In some preferred embodiments, the gene encoding the GhTLP19 protein is constructed into an expression vector, then agrobacterium is transformed with the obtained recombinant expression vector, the stem segments of the embryonic organs of recipient cotton are infected with the transformed agrobacterium, and after callus is cultured, differentiation culture is continued to obtain transgenic cotton plants.

Wherein, expression vector refers to bacterial plasmid, bacteriophage, yeast plasmid, plant cell virus, mammalian cell virus or other vectors well known in the art. In general, any plasmid or vector can be used as long as it can replicate and is stable in the host.

pBI121 is preferably used as the expression vector of the present invention.

Preferably, the embryonic organ of the recipient cotton comprises the hypocotyl.

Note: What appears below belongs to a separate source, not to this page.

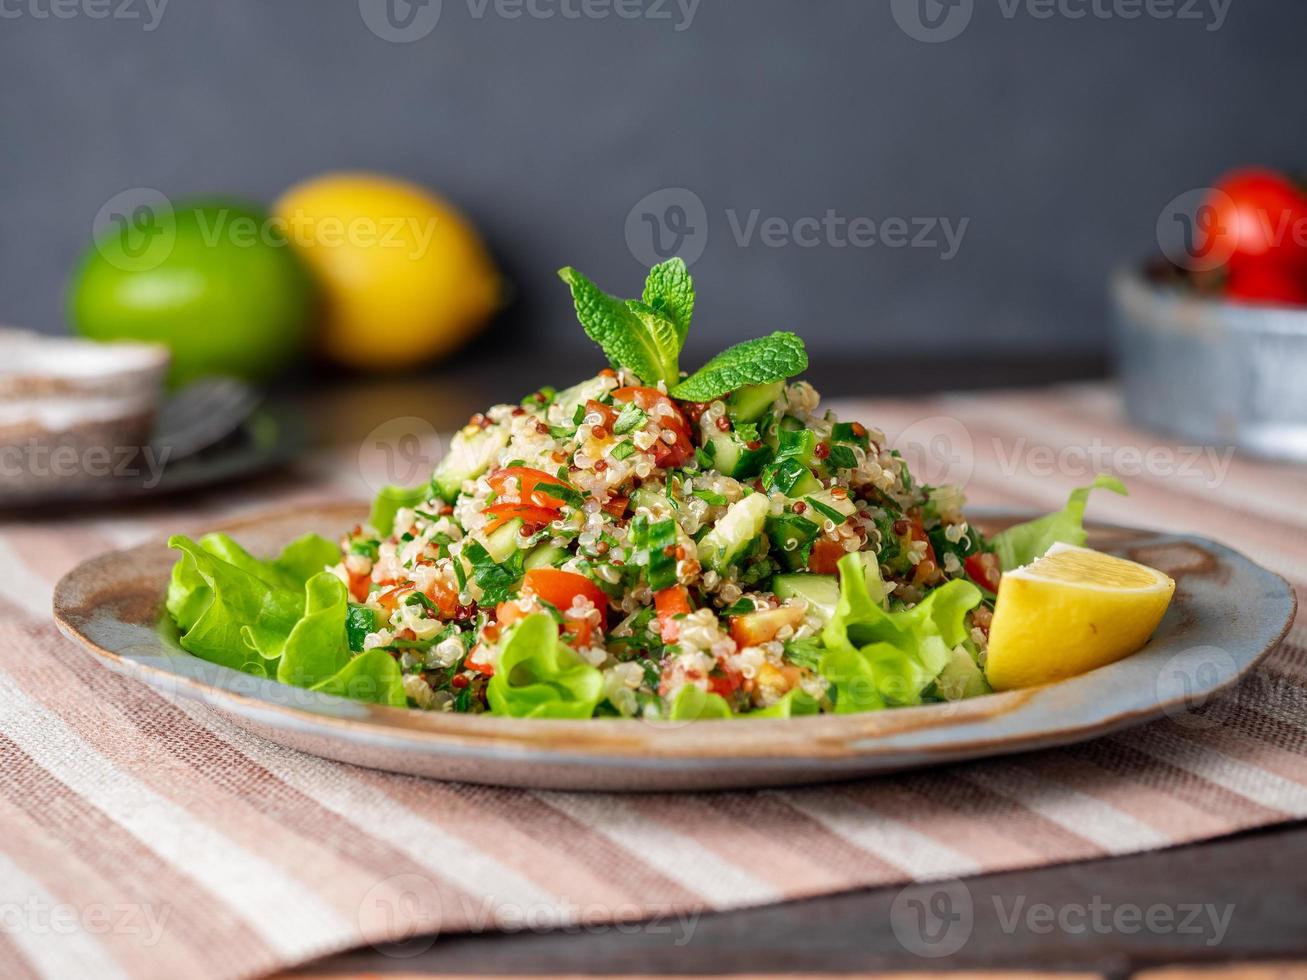 taboulehsalade met quinoa. Oosters eten met groentenmix, veganistisch dieet. zijaanzicht, linnen servet, oud bord foto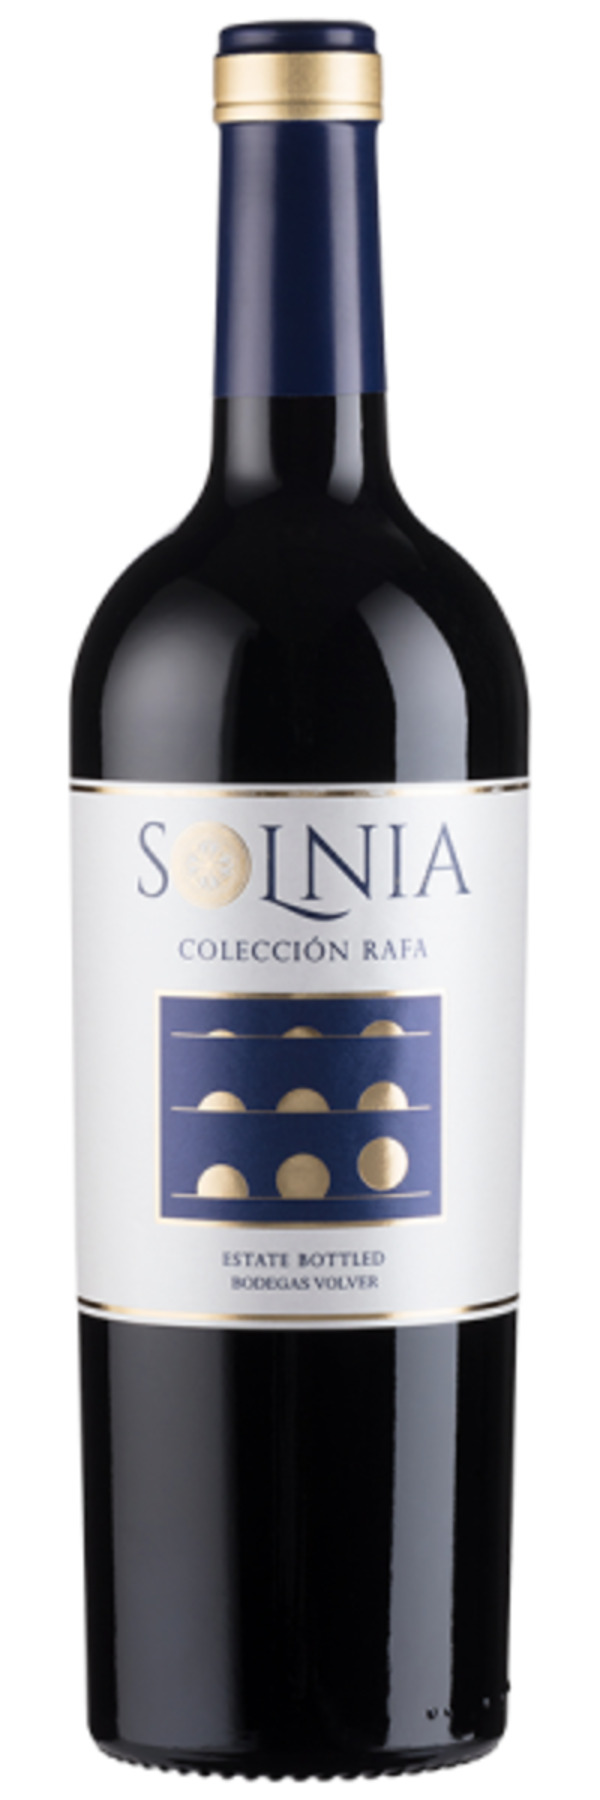 Bild 1 von Solnia Colección Rafa - 2018 - Bodegas Volver - Spanischer Rotwein

The invention is further illustrated by the following examples. The materials in the examples are prepared according to known methods or are directly commercially available, unless otherwise specified.

Experimental materials:

the cotton materials selected in the experiment are the middle cotton institute 36 and the middle cotton institute 24, the cotton materials are planted in the key laboratory test field (Anyang white wall) of the cotton biology institute of the Chinese academy of agricultural sciences, and the management measure is normal field management.

Experimental reagents and consumables:

enzyme and kit:GXL DNApolymerase high-fidelity enzyme, a fluorescence quantification kit, an RNA reverse transcription kit, a gel recovery kit and a PCR product purification kit are purchased from Takara bioengineering, Dalian, Co., Ltd;the Ultra One Step Cloning Kit was purchased from Vazyme; the plasmid small quantity extraction kit is purchased from magenta company; restriction enzymes were purchased from NEB; DNAmarker, plant Total RNA extraction kit purchased from TIANGEN corporation.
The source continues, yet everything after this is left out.